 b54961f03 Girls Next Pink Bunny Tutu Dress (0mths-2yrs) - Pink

════════════════

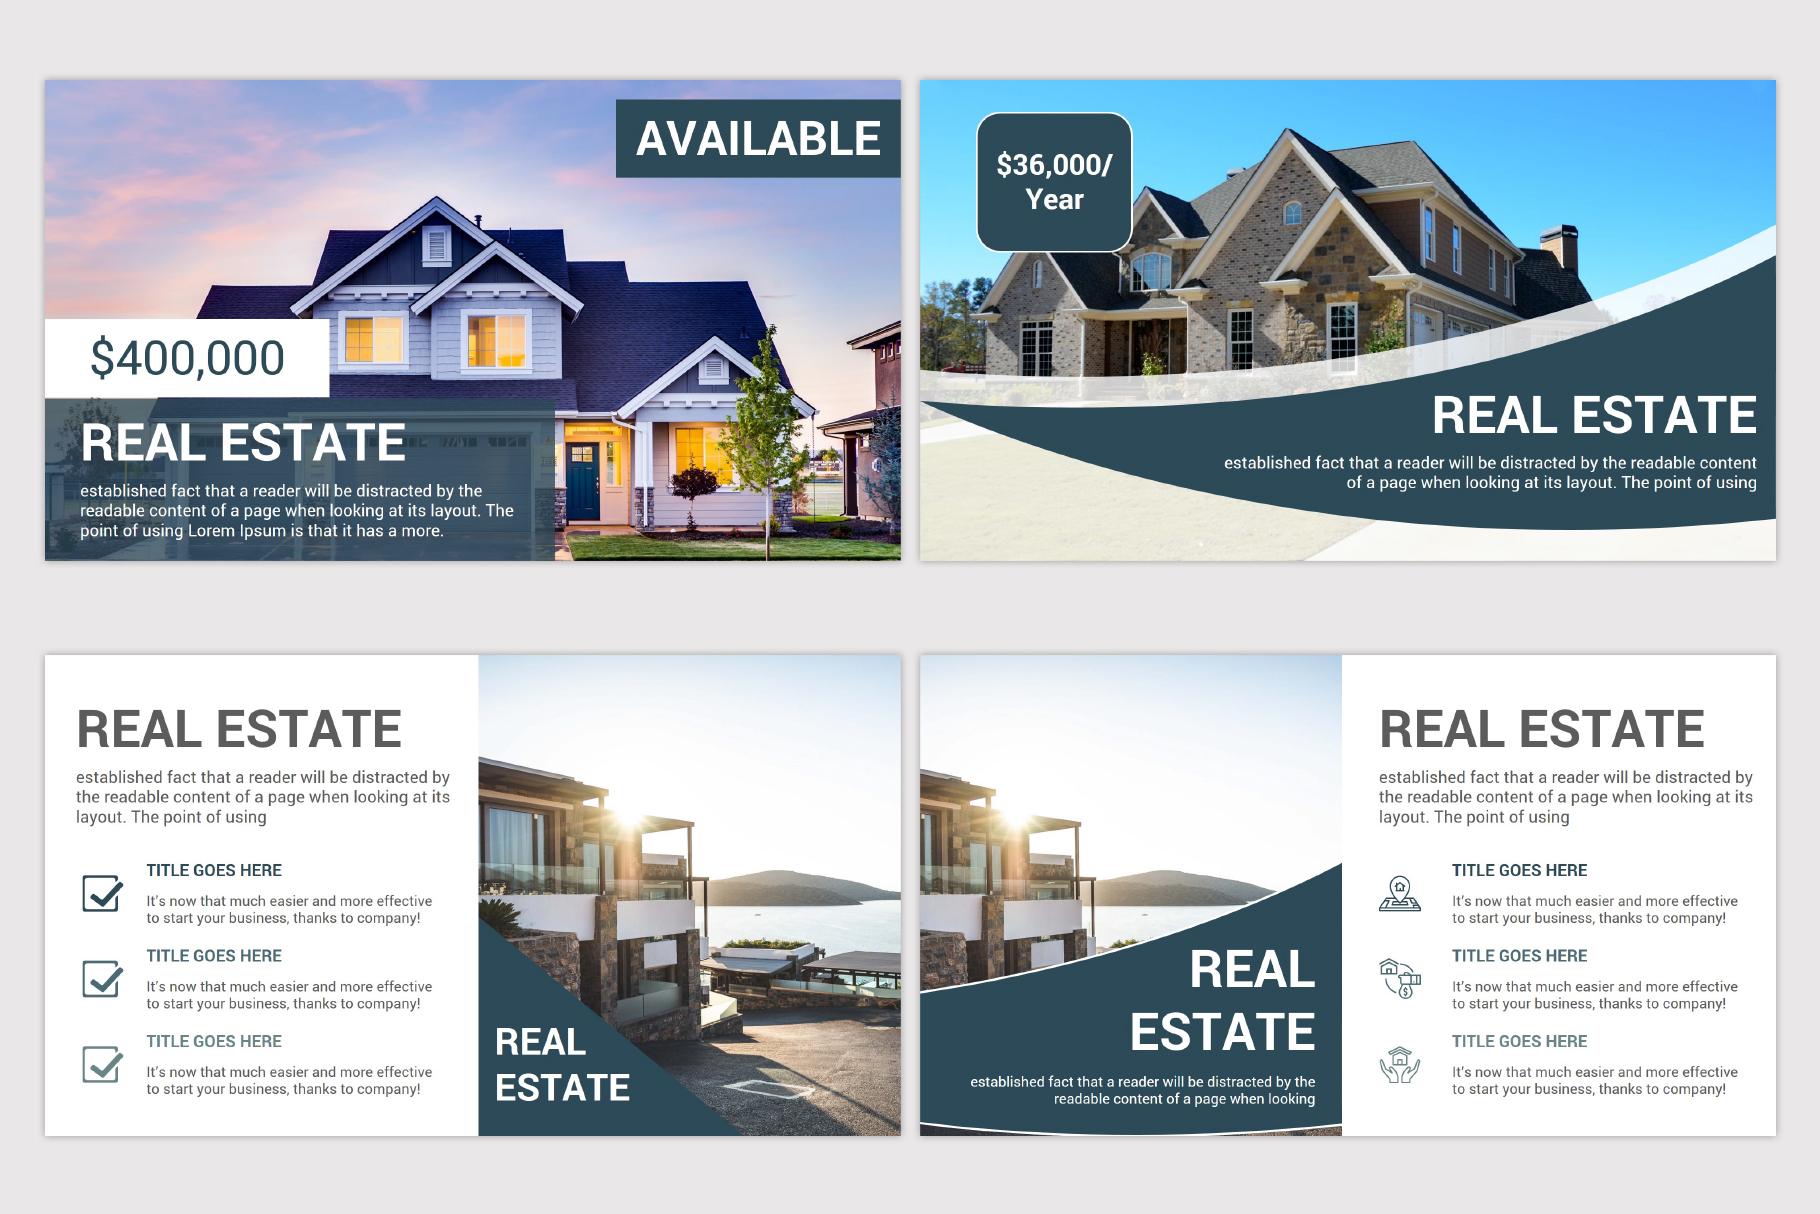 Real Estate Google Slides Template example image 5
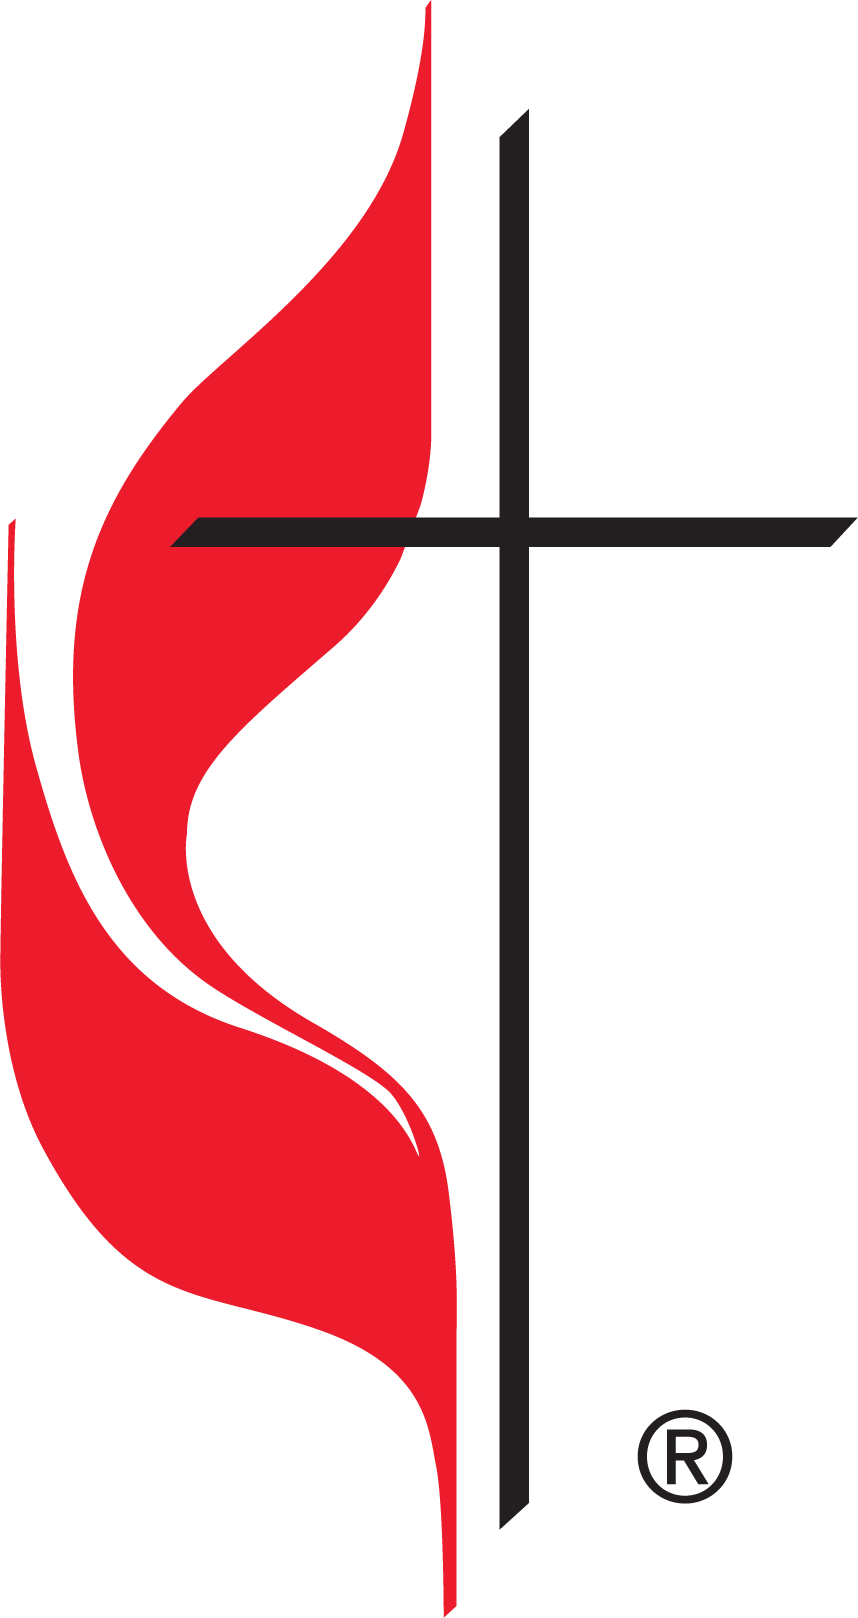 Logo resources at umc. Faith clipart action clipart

════════════════

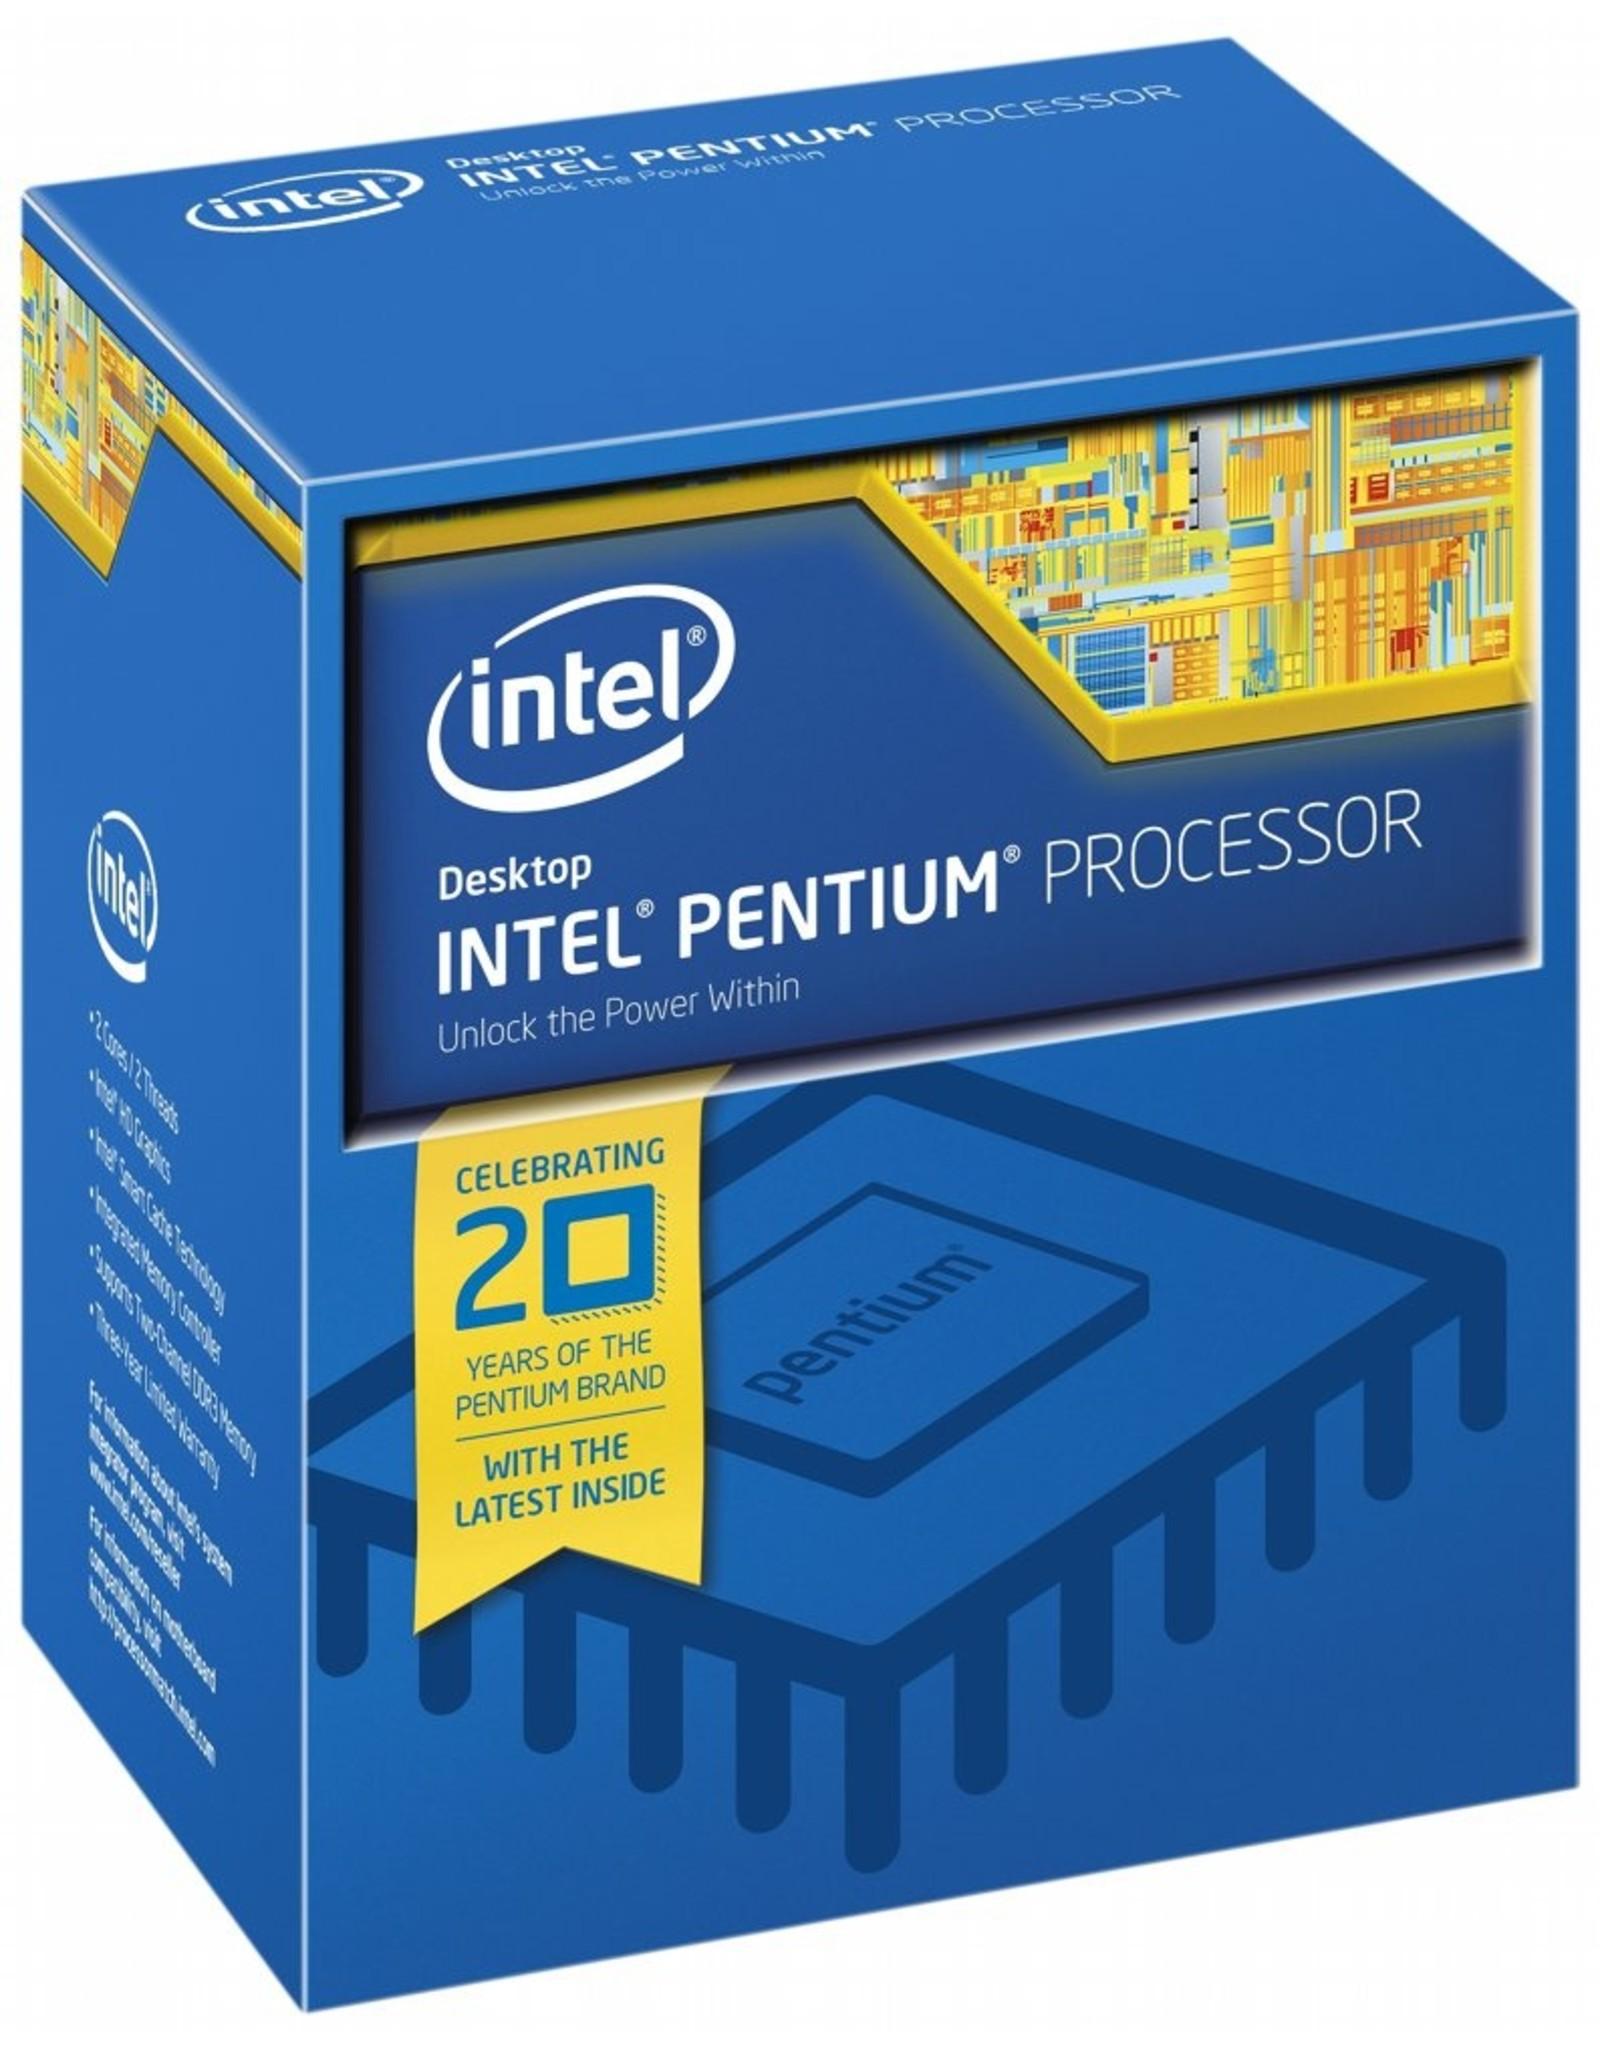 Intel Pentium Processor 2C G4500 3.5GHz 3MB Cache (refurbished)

════════════════

- _WHAT THE EXERCISE ASKS_
Among the entries above, find the line with "Real Estate Google" and repeat exactly from there through the line with "Logo resources at", leaving out the pictures.

- _EXERCISE SOLUTION_
 Real Estate Google Slides Template example image 5
 Logo resources at umc. Faith clipart action clipart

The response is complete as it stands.